Bots are widely recognized as being used by fraudulent people for cyberattacks, despite the fact that they may also be used for good. As such, because bot attacks are becoming more sophisticated, many companies and individuals have good reasons to use Datadome to secure their websites.

However,Ā  there are times when using this WAF service can be challenging. For instance, it might be difficult to scrape data from a website that is Datadome-protected. Nevertheless, the good news is that Datadome can be bypassed.

It is definitely one of the trickiest and most challenging security measures to get through, yet with the right knowledge and techniques, it is still possible to slip through its defenses. In this article, we'll examine what Datadome is, how it works, and the strategies you'll need to use to get around it. With further ado, let's get started.


What is DataDome?

DataDome-Cloud-Cyber-Security-Expo-London-2023-Banner

Datadome is a web application firewall (WAF) solution designed for protection against bots and online fraud. With unprecedented accuracy and zero latency, it identifies and mitigates attacks. In other words, it shields websites, APIs, and mobile apps from online fraud and bot attacks. Additionally, it can defend against layer 7 DDoS, card and payment fraud, credential stuffing, and scraping.

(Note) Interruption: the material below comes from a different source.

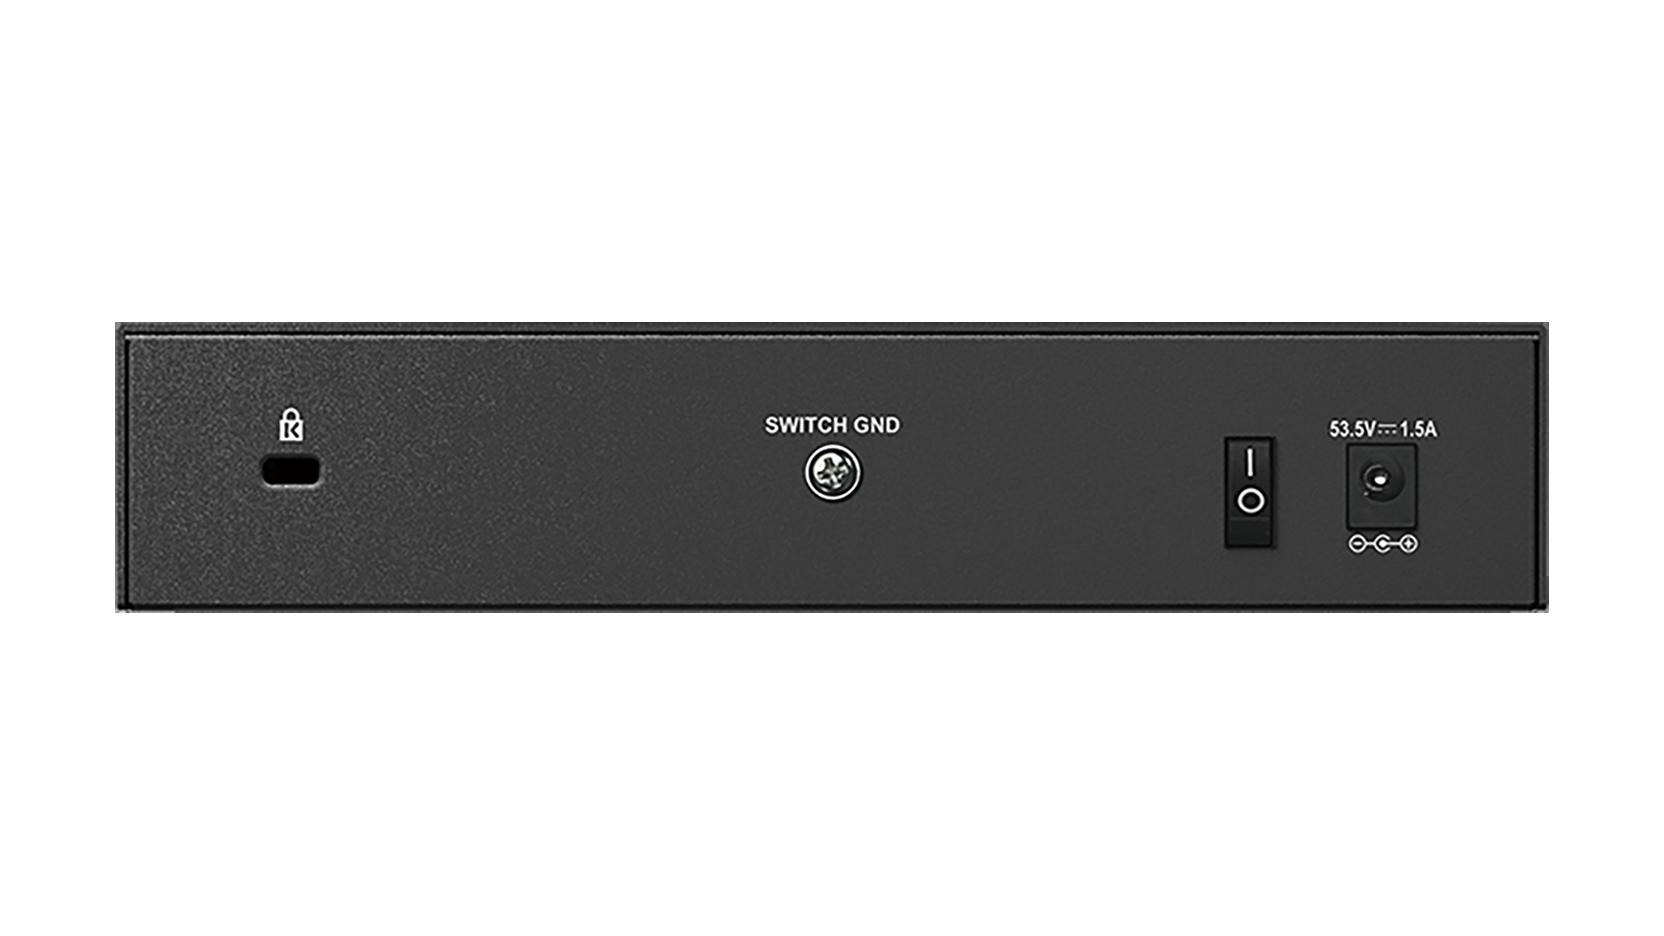 Dgs 1008p 8 Port Gigabit Poe Unmanaged Desktop Switch D

More than 3 trillion data signals each day from 25 global sites are processed by DataDome's AI-powered bot detection engine. Hence, the biggest international e-commerce companies can be protected as a result in real-time. Along with its bot prevention solution, it also provides an integrated CAPTCHA that is safe, easy to use and complies with privacy laws. The Inc. 5000 ranked DataDome in 21st place in the category of cybersecurity in 2022.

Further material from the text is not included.